Committee Chair Department

Psychology

Committee Member 2

Brad A. Dufrene

Committee Member 2 Department

Psychology

Committee Member 3

Keith C. Radley

Committee Member 3 Department

Psychology

Abstract

Considered the opposite of tattling, tootling is a procedure where students report their classmates’ positive behavior instead of inappropriate behavior. This study examined the effects of tootling on students’ behavior in three general education high school classrooms. An A-B-A-B withdrawal with follow-up design was used to assess the effects of the intervention on decreasing classwide disruptive behavior and increasing academically engaged behavior. Students wrote tootles anonymously on paper slips, and deposited them into a marked container.
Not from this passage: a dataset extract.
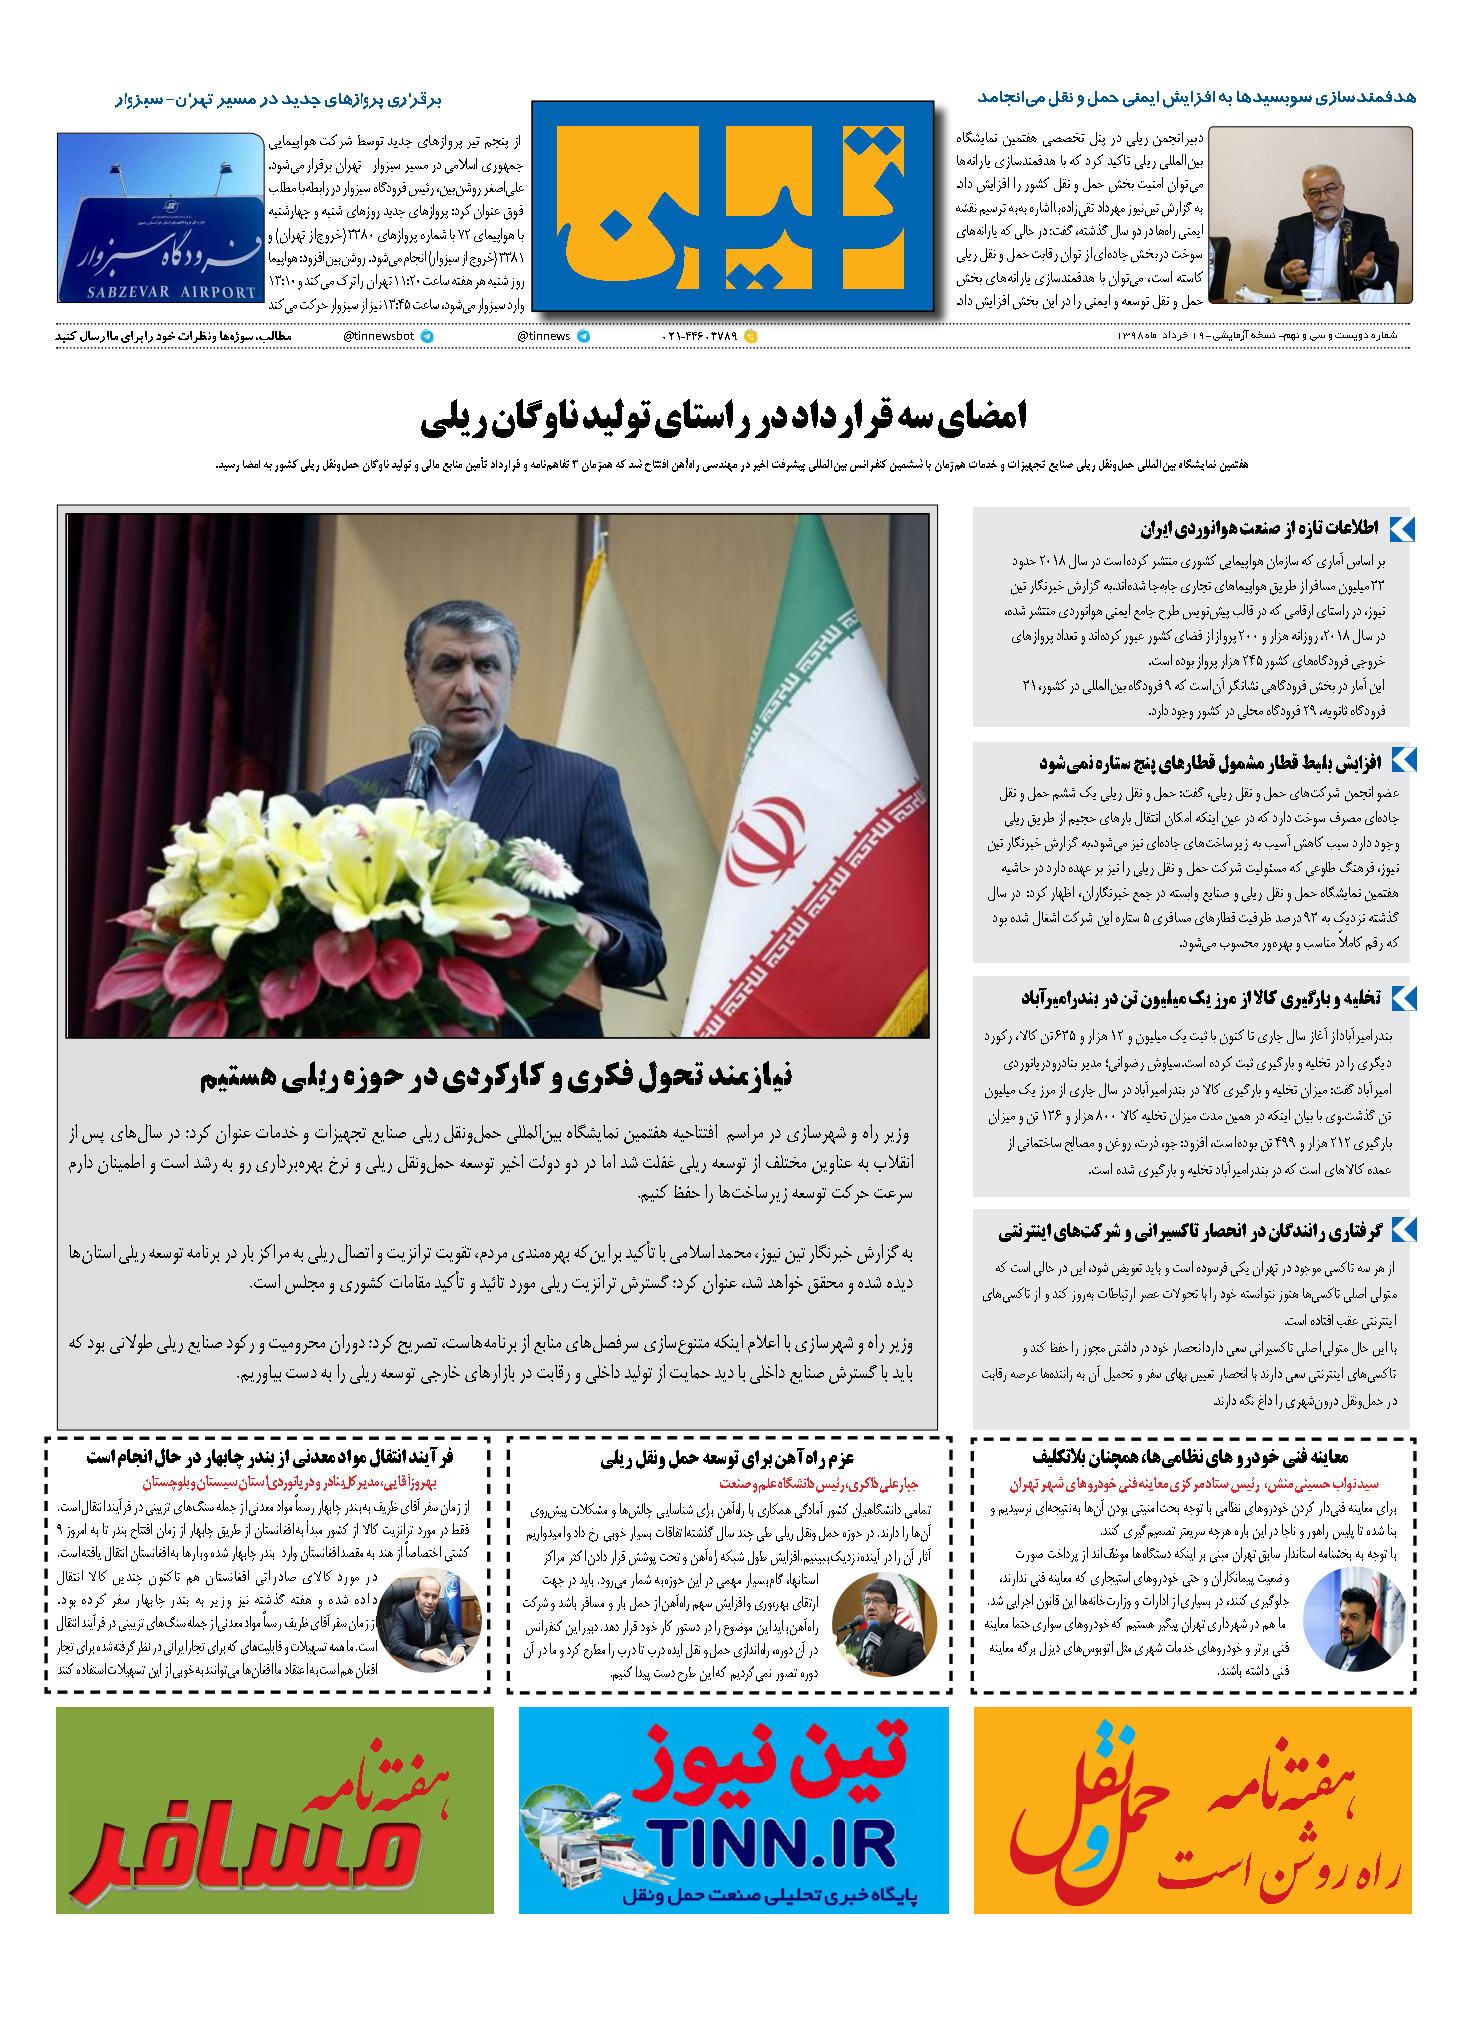 روزنامه الکترونیک 19 خرداد ماه 98

An interdependent group contingency procedure was used to create a class goal for the number of submitted tootles, which led to a class reward when achieved. The teacher recorded the number of tootles submitted on a publicly posted progress chart, and verbally reported a sample of tootles at the end of each class period. Students created a new name for the intervention, and voted on class rewards. All classrooms displayed decreases in disruptive behavior and increases in academically engaged behavior during intervention phases. These results suggest that tootling can provide high school teachers a method for positively reinforcing students’ prosocial behavior, and function as a preventative measure against disruptive behavior.